The sooner a student appreciates the difference between imaginative literature and its close sisters, history and biography, the better. Put simply. literature creates what never existed in ordinary life while history and biography seek to recreate and record. There are fascinating hybrids. I once troubled to check all the libraries from Birmingham to Dudley to see how librarians had classified Laurie Lee’s “Cider with Rosie”. ‘Fiction’ or the Dewey 800’s or ‘Biography’ were equally represented. I also found it in folk tales (of the Cotswolds), agriculture, gardening, crime and on the history shelves. Lee’s raw material may be his own childhood but it is consciously imparted through novelistic means. It is as metal re-forged. This in itself seems to me depict how the adult Lee feels in recalling distant days.
The tyranny of theme feeds on an approach to literature borrowed from the reading of history and biography. Information and themes are mined, extracted and noted that are only meaningful, only breathe, in the context of the world in which they were created. GCSE bitesize revision notes (of ancillary value) service this perceived need. I have noted in a previous post the (entirely understandable) anxiety of A level students to collect from teachers and elsewhere handy prepacked ideas they can use in exam answers. Even the definition and recognition of literary terms often places cart before horse, insulating the reader from fulsome experience of imagery in the raw.. Characters, relationships and themes are neatly tabulated as akin to ‘facts’ while natural description is all too often undervalued (and skimmed) as ‘decorative relief’ or ‘setting’.
Closing Time.
Teachers of English literature thrive on depth and breadth in the study of poems, plays and prose and they’ll willingly cut the pages year after year in an ever-expanding library. They deserve an external exam system that draws its water from pure springs - whatever the source. If Asda, Tesco, Sainsbury’s and Morrisons reduced their range of flavoured bottled waters in unison to ‘Raspberry’ alone, there’d be trouble at t’super market.

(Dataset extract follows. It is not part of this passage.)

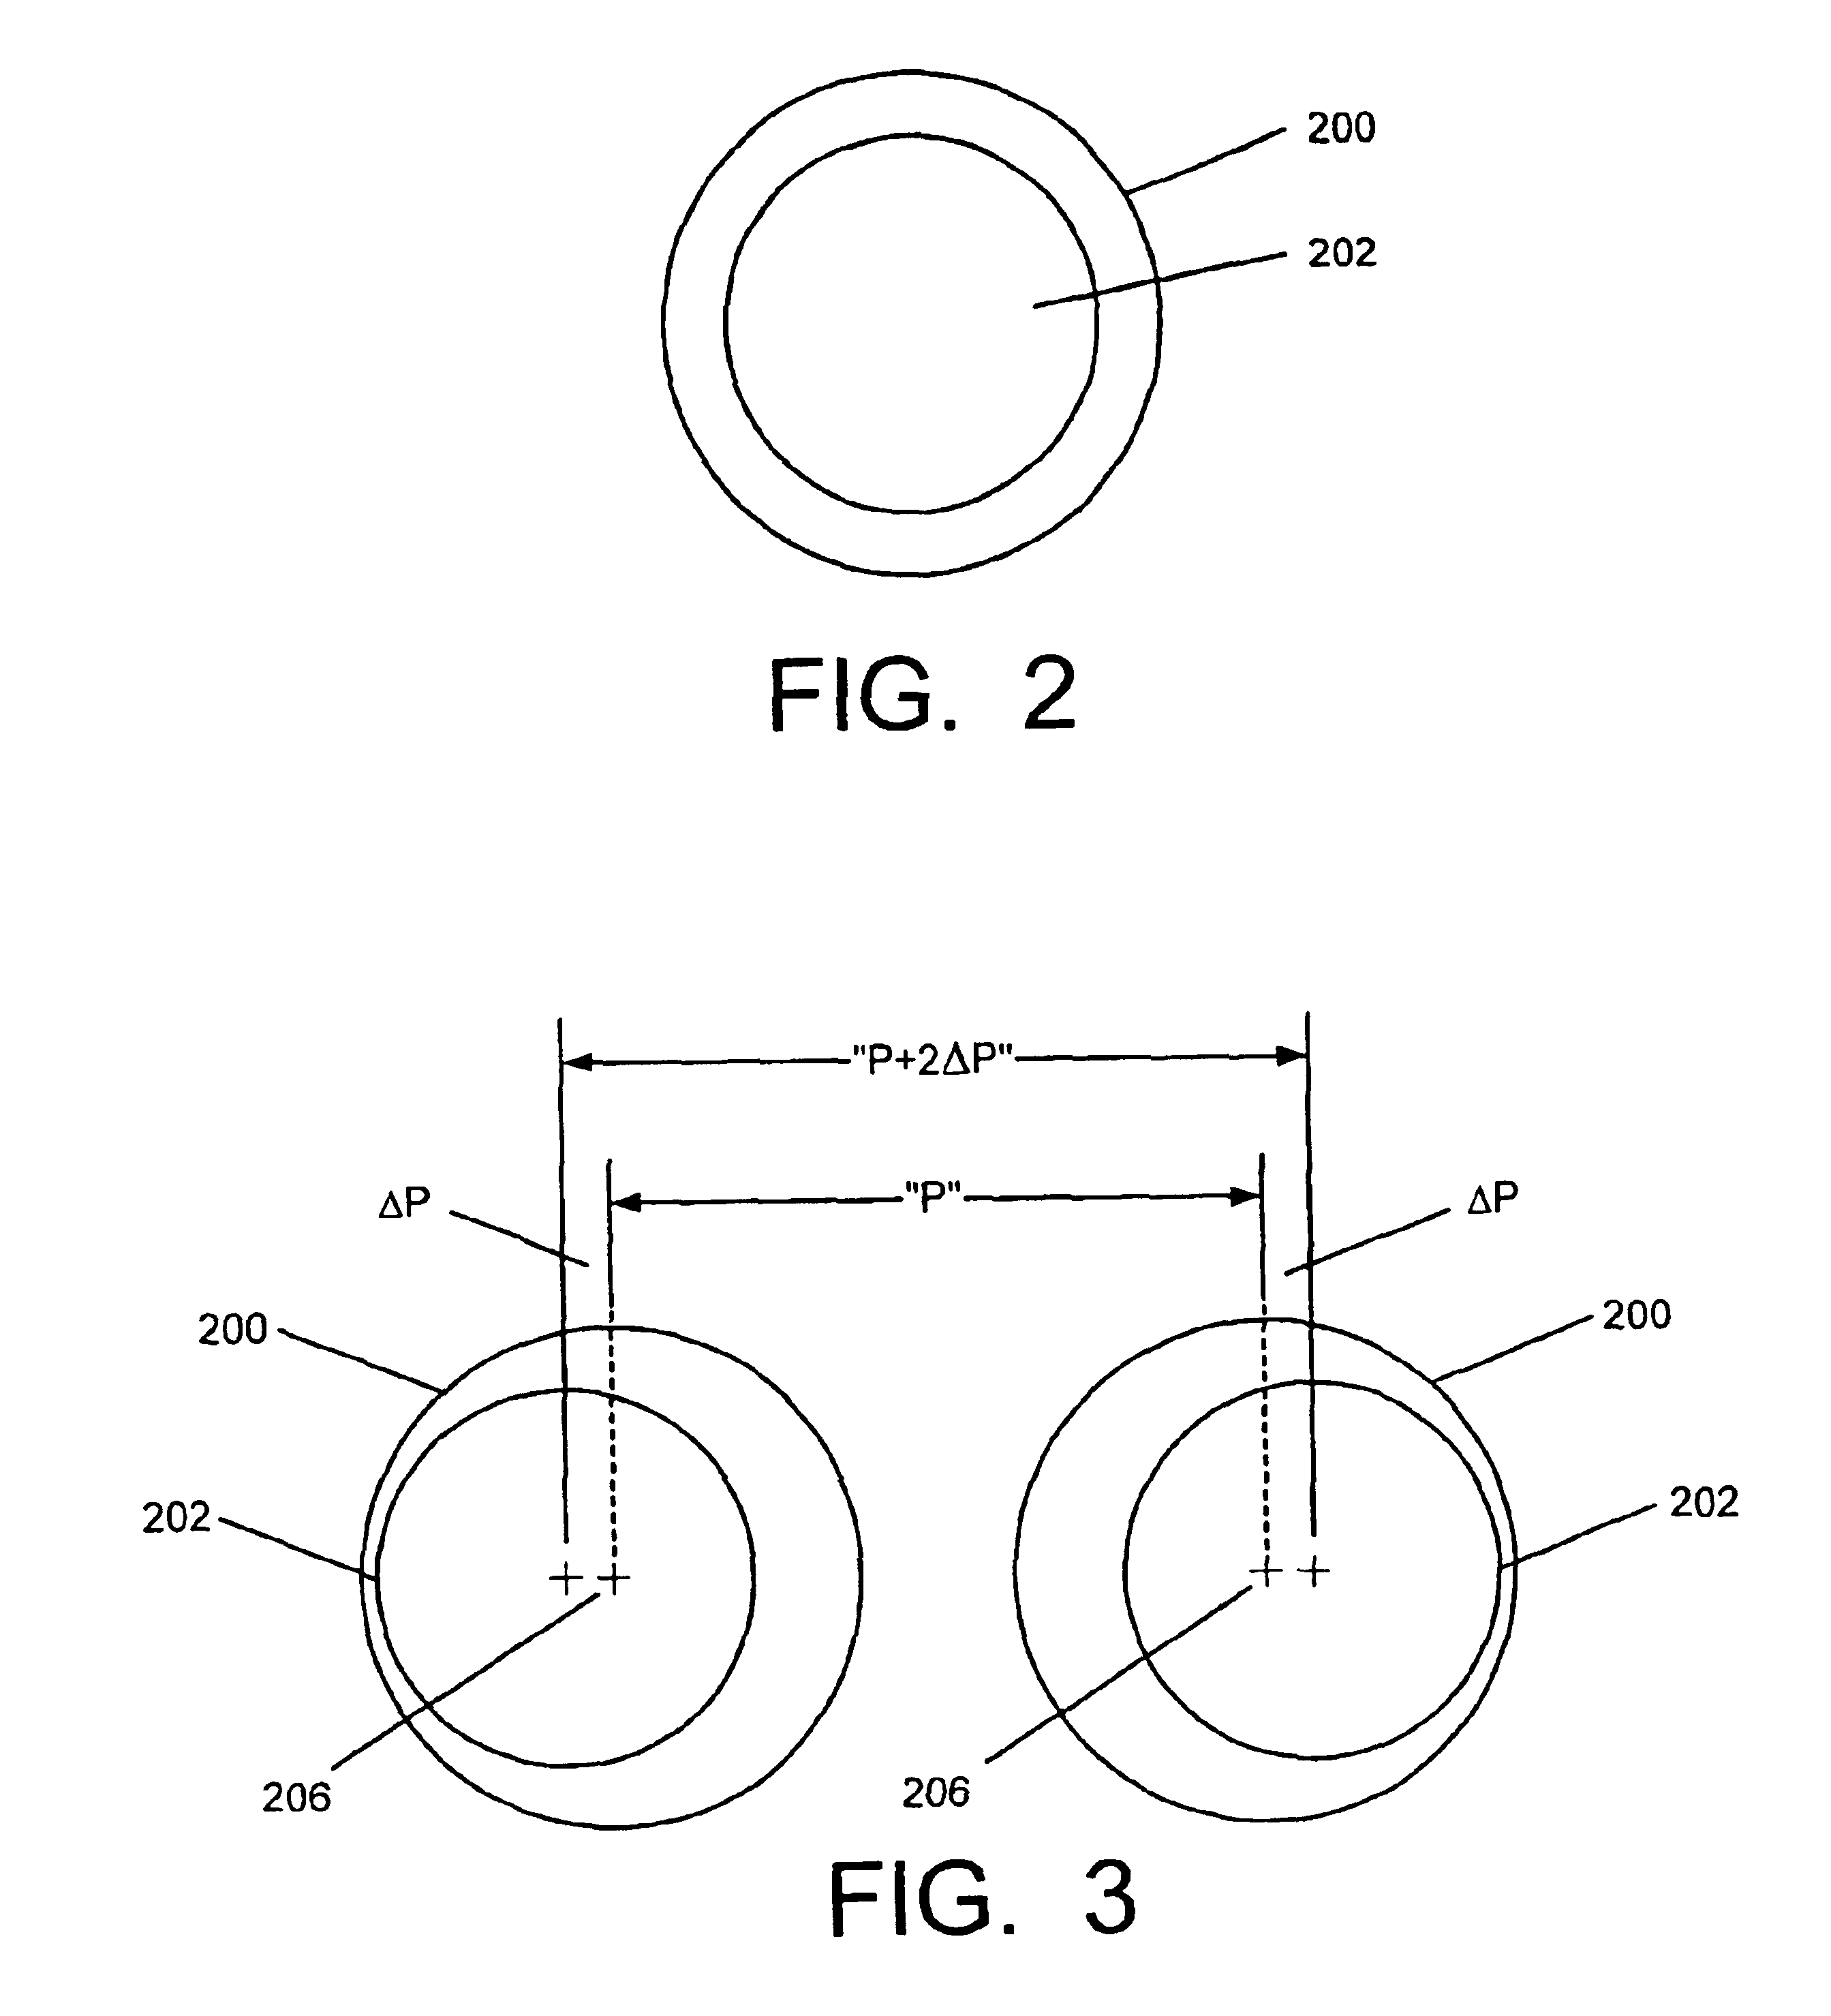 Multi-piece fiber optic component and manufacturing technique
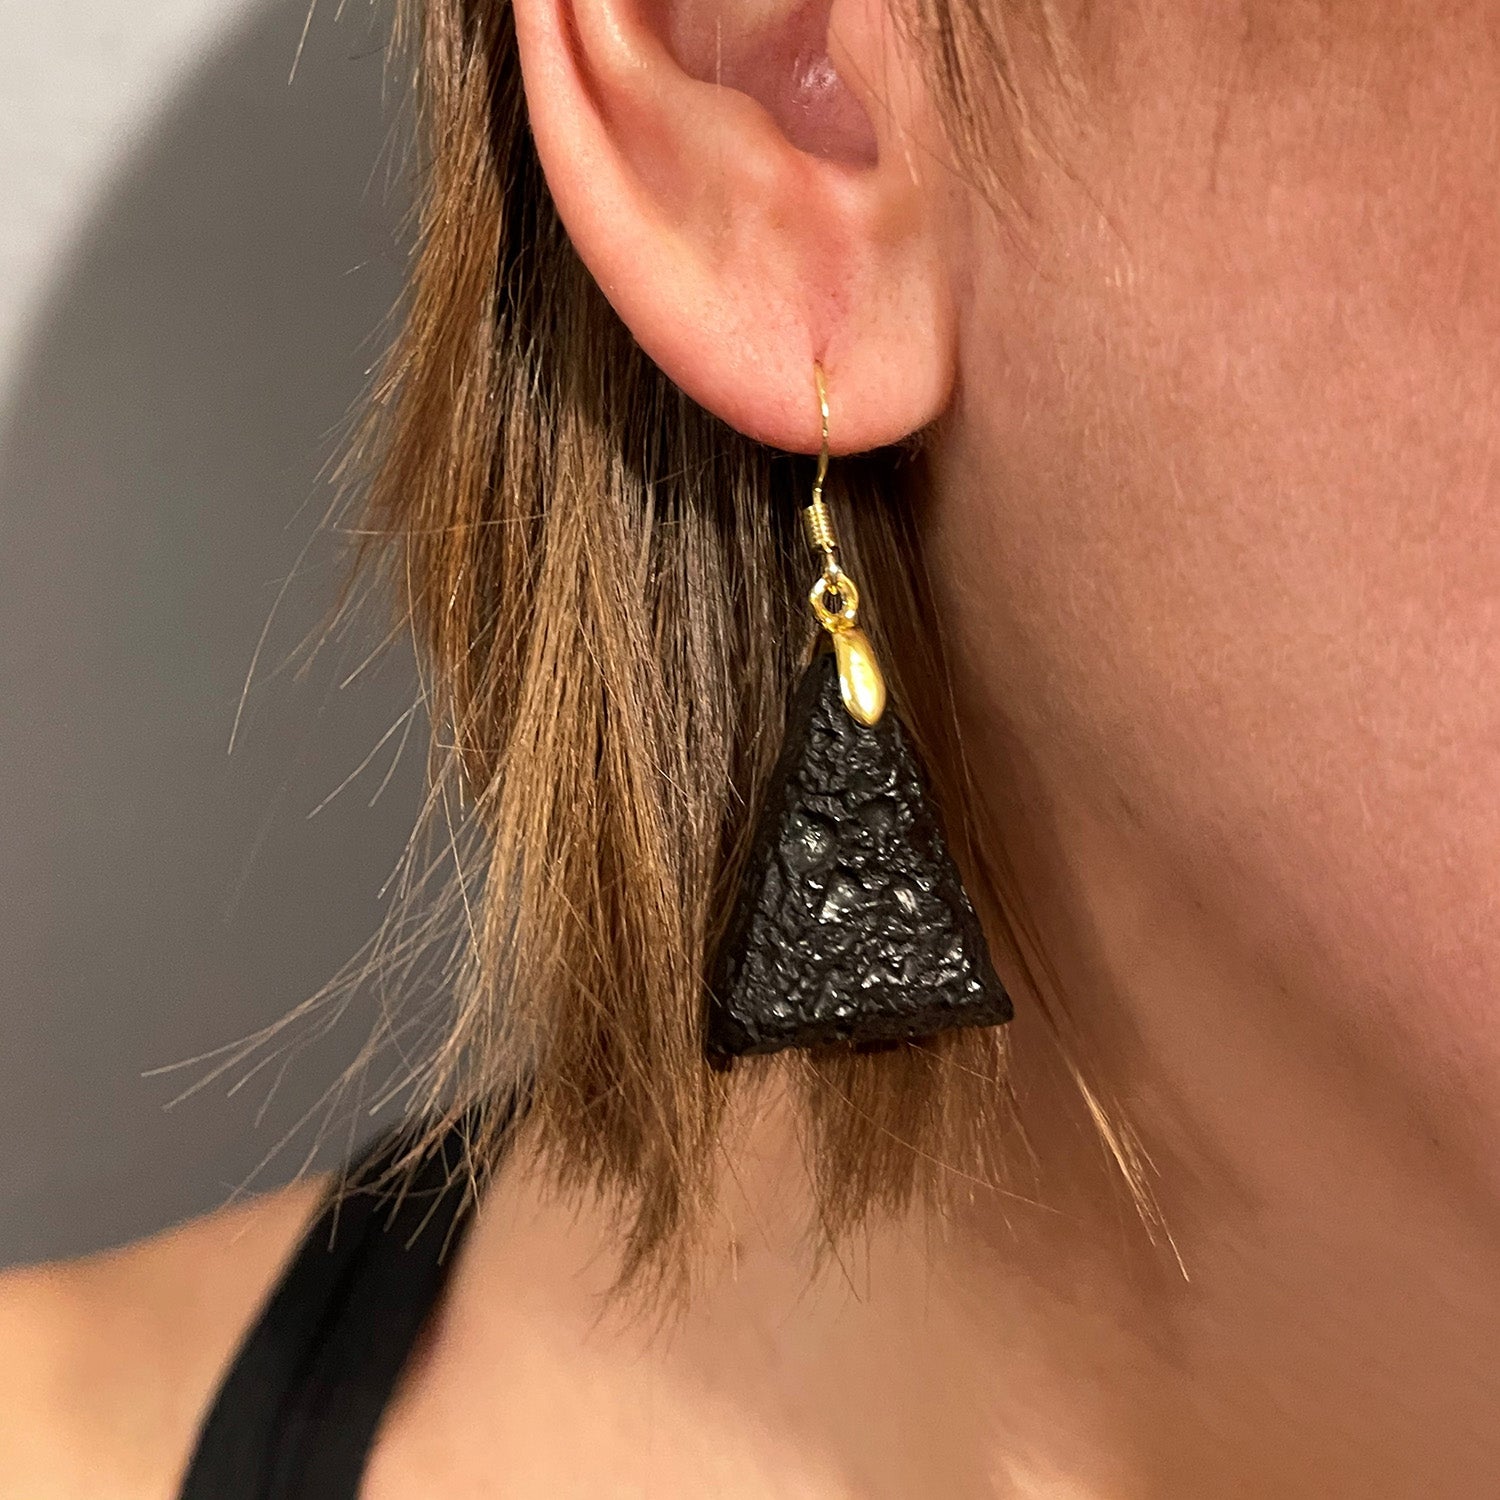 Triangle earrings in raw charcoal, gold metal

I simply hope for a system that unequivocally acknowledges the centrality of direct imaginative experience operated by people who demonstrate they have not forgotten the life-long insight and delight derived from realising why, in the second chapter of “Sons and Lovers”, following the kicking of WIlliam, D H Lawrence chooses to take Mrs Morel “out over the sheep-bridge and across a corner of the meadow to the cricket ground”, there to sit, statuesque as Leontes’ Hermione, as the narrative moves to sustain over several prolonged paragraphs a heart-breaking empathic chorus of natural description.
I want to sense examiners consider the nationality and culture of (say) Henry James of negligible interest in comparison with a transparent encouragement of students to wonder why William Golding’s “Lord of the Flies” island is so aptly peopled entirely with males. Especially do I hope for a focus that supports a GCSE candidate's emergent sense of form, that values the novella or short story for what they are - the most appropriate vehicle for the author’s imaginings, rather than stalled novels. “The Great Gatsby” was longer in first draft - the final “cut” is a gem. It’s on my shelf, filed alphabetically, smiling out between Fielding and Forster. All its pages were cut long ago. I like my libraries fully open, vast and real.